Sorry I am a bit confused. Does the 60 acres have a fish farm that nets $75k/yr. Where in Indiana is this located ? Is there a residence on the property ? Pictures ?
Thank You,
Duane Hale


----------



## Immaculate Sublimity

ellenHoward said:


> Being age 62 I am moving to the Philippines to help poor people. My wife got sick and I promissed if she lived I would go help hopeless people. But I need to sell my 60 acres. I have raised cows, rabbits, pigs and done all this Homestead thing for 45 years. But I did a BUY/SELL live fish for money. The land is 1/2 wooded and 1/2 open and I can divide it 10, 20, 30, 40, 50, 60 acres at different PRICES, starting at $117,000 for the whole 60 acres and more or less per acre for smaller parts. I need CASH only as I was offered $200,000 already contract. My parents do fish on 147 acres and net $100,000 per year on $300,000 groos income. My gross is small less than $75,000. *But you could get their gross to as they have passed away except my mom is 86 and still selling fish.* 812-876-3031 I can do discussions in other areas here on many topics. My concern is making money in Asia to care the poor I have 25 workers there and 5 farms already I am just waiting to sell here my land to go. [email protected] I would qualify as a fish biologist for advise. I will be here on other areas talking and asking questions.

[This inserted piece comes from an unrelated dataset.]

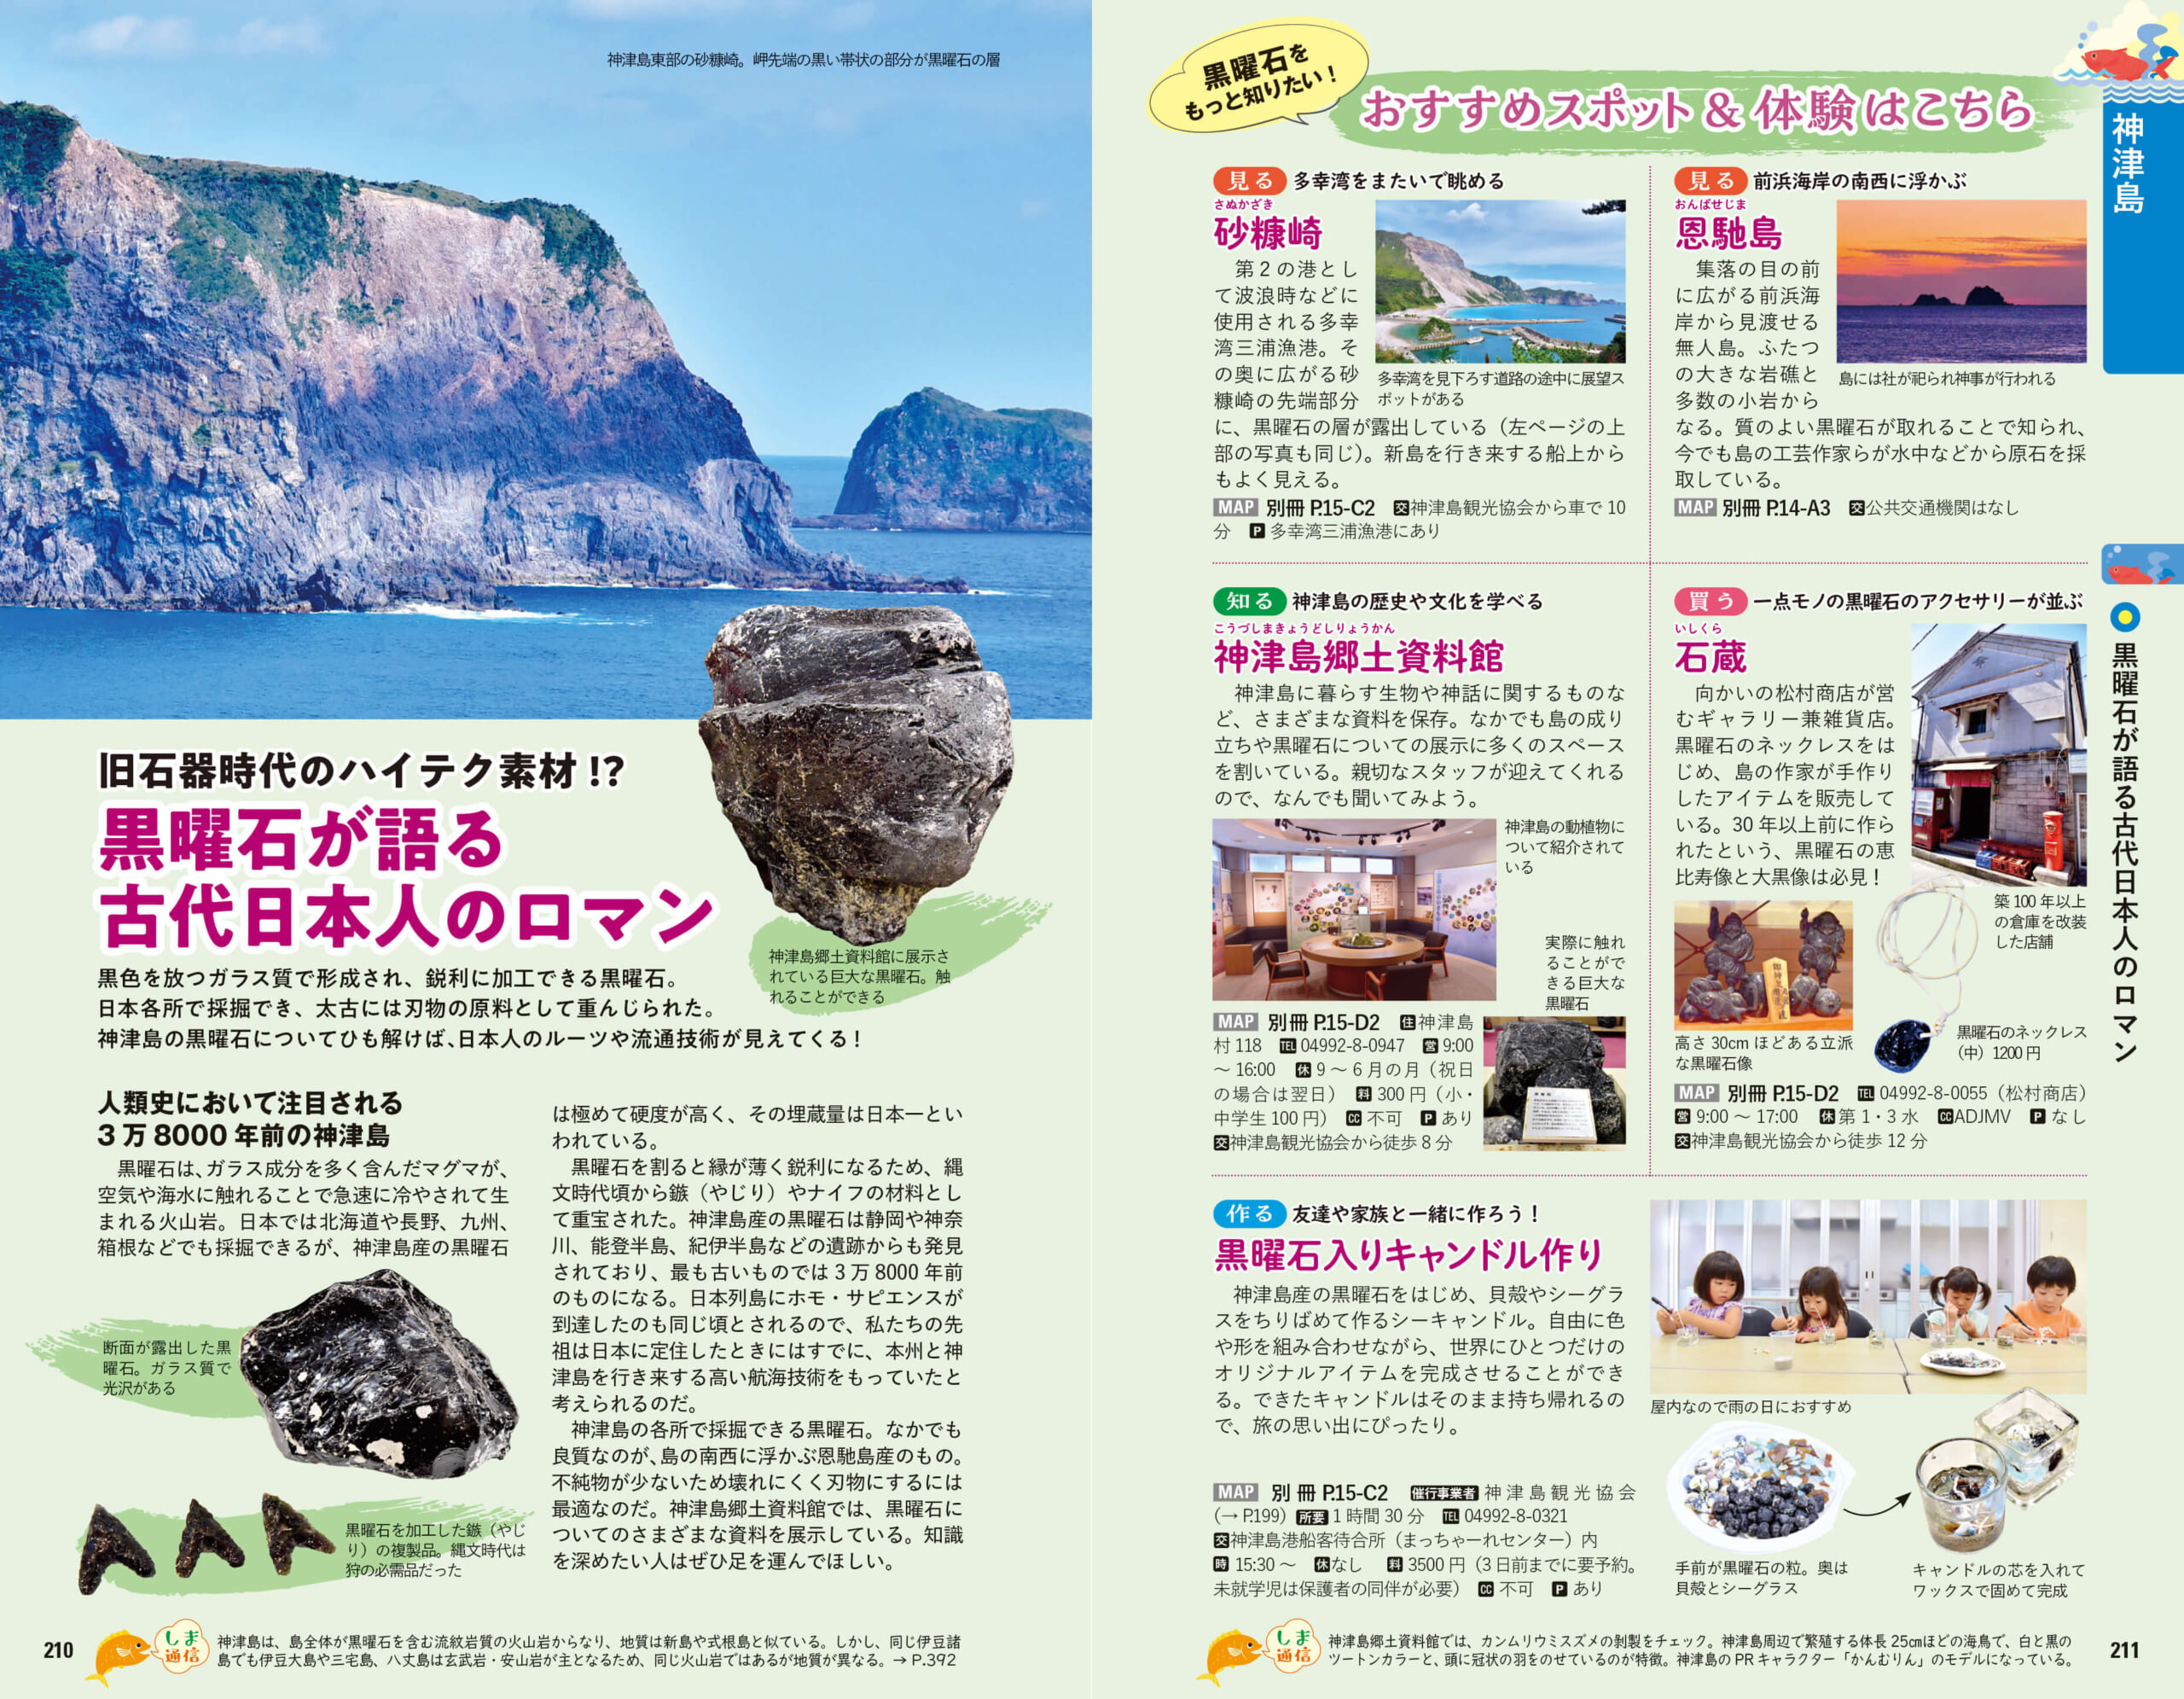 「東京諸島では島ごとに地質が異なり、その違いから島の成り立ちも読みとくことができる」紙面

your parents passed away but your 86 yr old mother is still selling fish? I am sure there are fish involved here, because something sure smells fishy. Are you taking your wife to the phillipines with you? You've been homesteading since you were 17? This is your second post on these forums, and you are willing to pass up 200k on a contract in leu of 160k cash right now. wouldnt it be easier to take the 200k contract and then sell that? Something aint right, now if this were Denmark we were talking about it would all make sense because there IS something fishy in denmark. or so they say.


----------



## blufford

Immaculate Sublimity said:


> your parents passed away but your 86 yr old mother is still selling fish? I am sure there are fish involved here, because something sure smells fishy. Are you taking your wife to the phillipines with you? You've been homesteading since you were 17? This is your second post on these forums, and you are willing to pass up 200k on a contract in leu of 160k cash right now. wouldnt it be easier to take the 200k contract and then sell that? Something aint right, now if this were Denmark we were talking about it would all make sense because there IS something fishy in denmark. or so they say.




http://home.bluemarble.net/~niceguy/


----------



## thaiblue12

It is in Greene County, IN. 

I googled it and he really does have a fish farm, website and etc. Maybe he did not type it correctly/well. There are parts that are confusing. 

Of course if one is interested I would call and visit the property in person. Which we should all do before making any type of large purchase land or otherwise. 

I would probably kill every dang fish and loose money 

Blufford that is the same site I went to. I was not sure if I show post the link, but it is on the net after all


----------



## RWBlue01

Well, he might be legit. I did a reverse lookup on his phone number and came up with the following.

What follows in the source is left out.